Thermische contactgeleiding is de studie van warmtegeleiding tussen vaste lichamen die met elkaar in contact komen. Vaak wordt een temperatuurdaling waargenomen op het grensvlak tussen de twee oppervlakken die met elkaar in contact komen. Dit verschijnsel zou het gevolg zijn van een thermische contactweerstand tussen de contactoppervlakken. De interfaciale thermische weerstand is een maat voor de weerstand van een interface tegen thermische stroming. Deze thermische weerstand verschilt van de contactweerstand, aangezien zij zelfs bestaat bij atomair perfecte grensvlakken. Inzicht in de thermische weerstand aan het grensvlak tussen twee materialen is van primordiaal belang bij de studie van de thermische eigenschappen. De inter-moleculaire overdracht van energie kan voornamelijk plaatsvinden door elastische impact, zoals in vloeistoffen, of door vrije-elektronendiffusie, zoals in metalen, of fonontrilling, zoals in isolatoren. In isolatoren wordt de warmtestroom bijna geheel door fonentrillingen overgebracht.
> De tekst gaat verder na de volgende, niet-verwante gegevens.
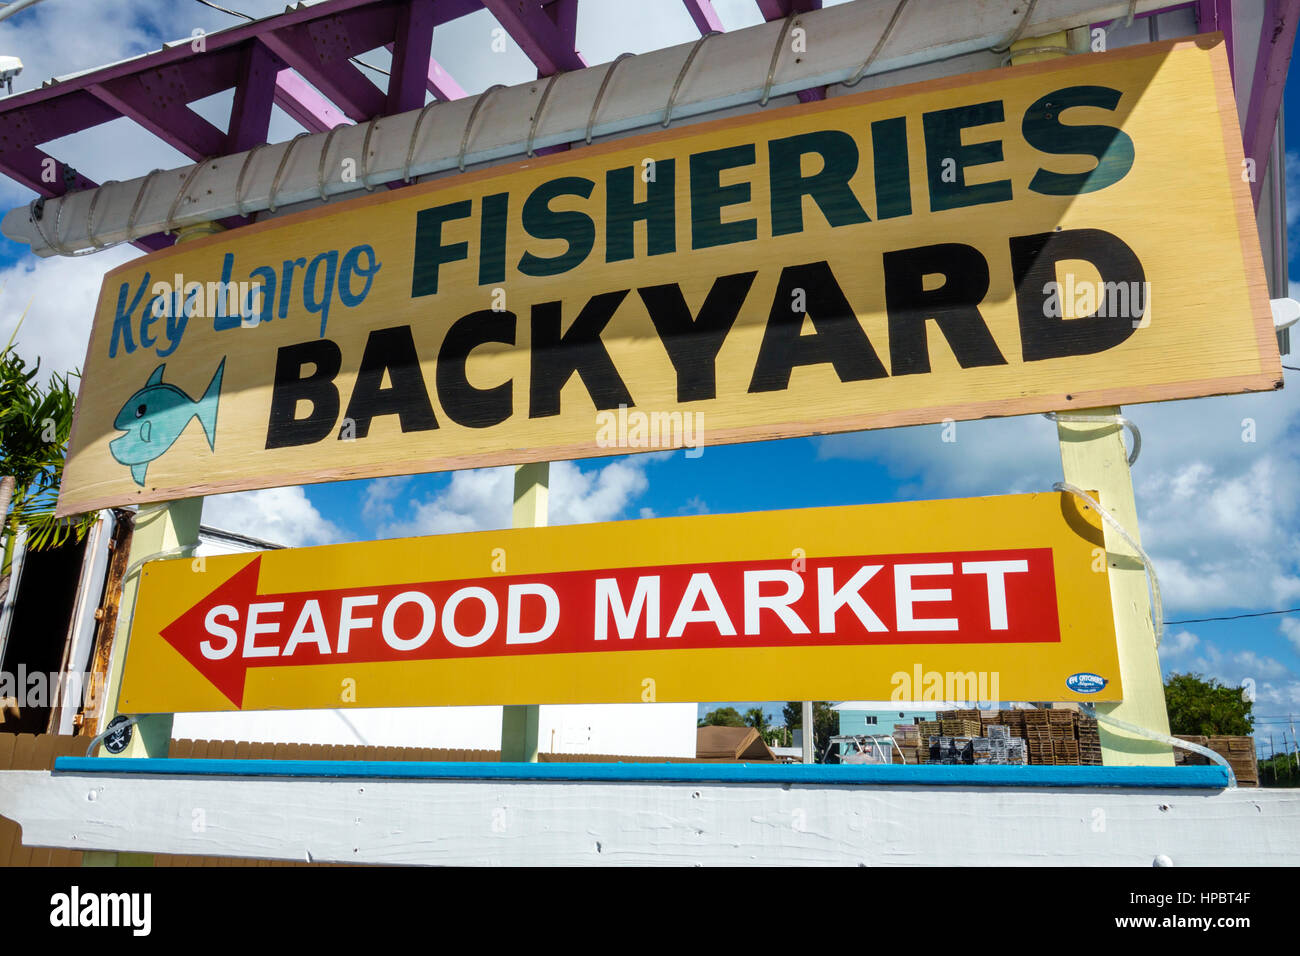 Florida Upper Key Largo Florida Keys,Key Largo Fisheries Backyard,restaurant restaurants food dining cafe cafes,seafood market,sign,FL161223050 Stock Photo
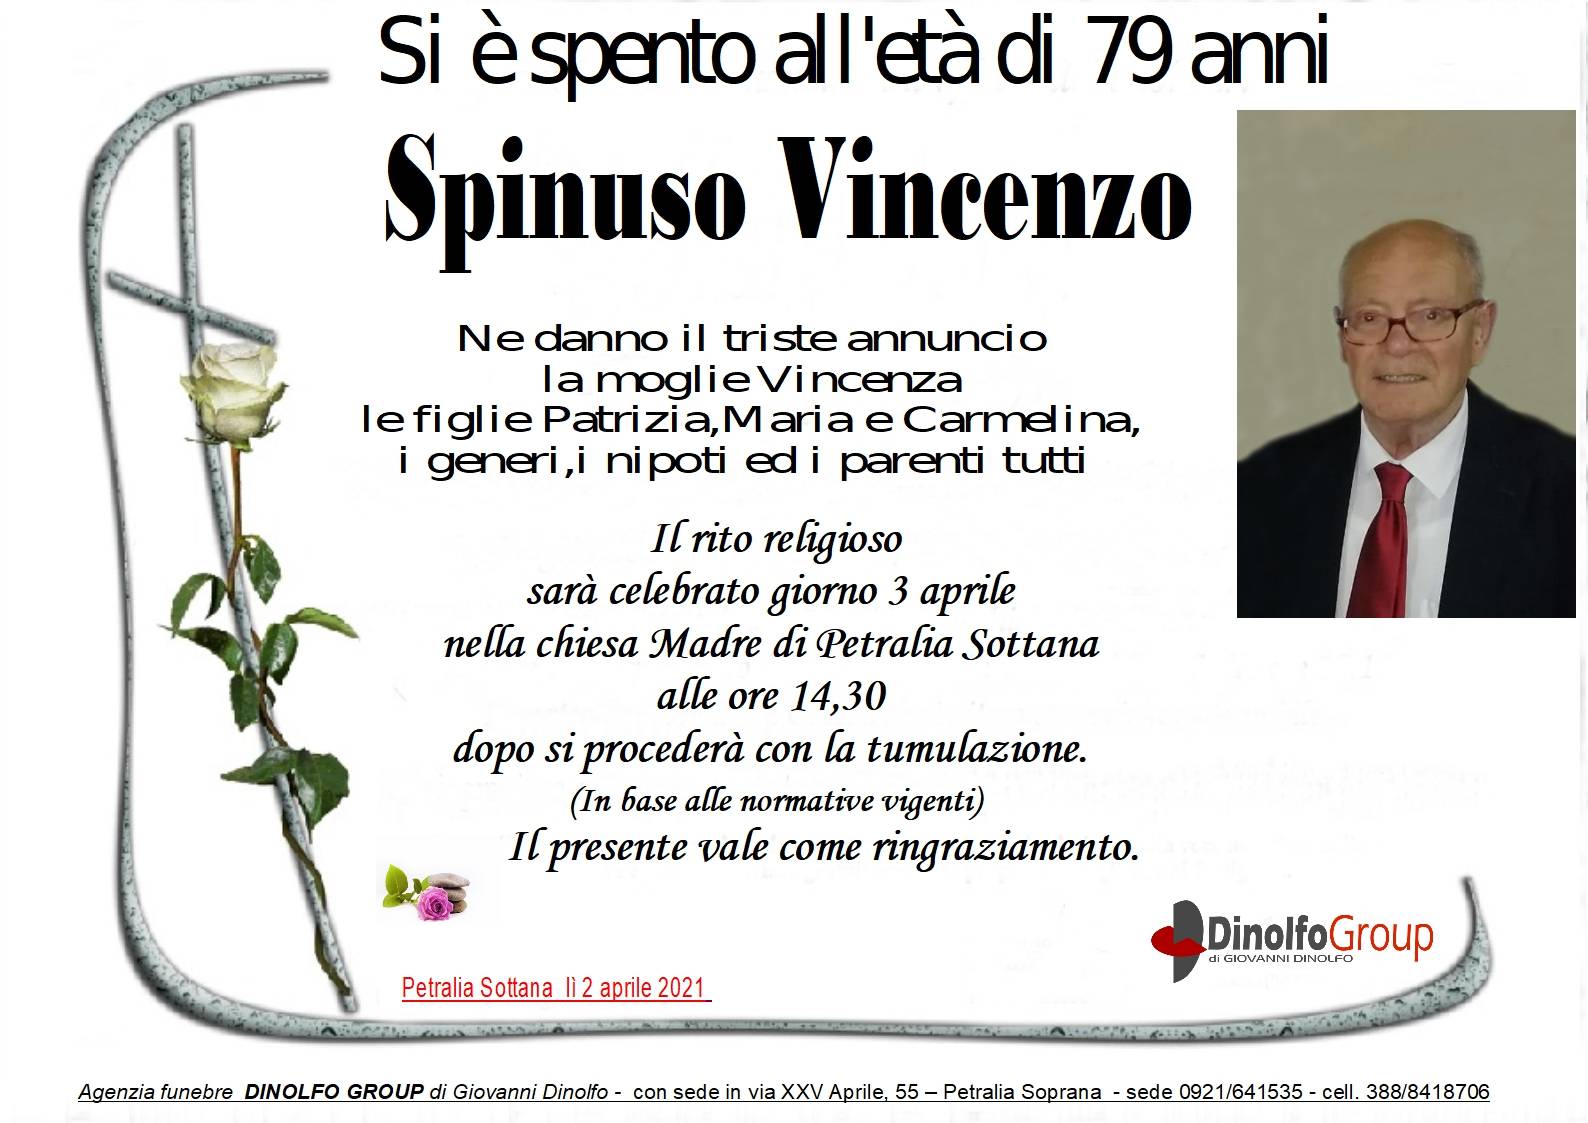 Vincenzo Spinuso

Metalen (b.v. koper, platina, goud, enz.) zijn gewoonlijk goede geleiders van thermische energie. Dit is het gevolg van de chemische binding van metalen: metaalbindingen (in tegenstelling tot covalente of ionische bindingen) hebben vrij bewegende elektronen die de thermische energie snel door het metaal geleiden. De elektronenvloeistof van een geleidende metalen vaste stof geleidt het grootste deel van de warmteflux door de vaste stof. De fonoflux is nog aanwezig, maar draagt minder energie over. Elektronen geleiden ook elektrische stroom door geleidende vaste stoffen, en de thermische en elektrische geleidbaarheid van de meeste metalen hebben ongeveer dezelfde verhouding. Een goede elektrische geleider, zoals koper, geleidt ook goed warmte. Thermo-elektriciteit wordt veroorzaakt door de wisselwerking tussen warmteflux en elektrische stroom. Warmtegeleiding in een vaste stof is direct analoog aan diffusie van deeltjes in een vloeistof, in de situatie dat er geen vloeistofstromen zijn.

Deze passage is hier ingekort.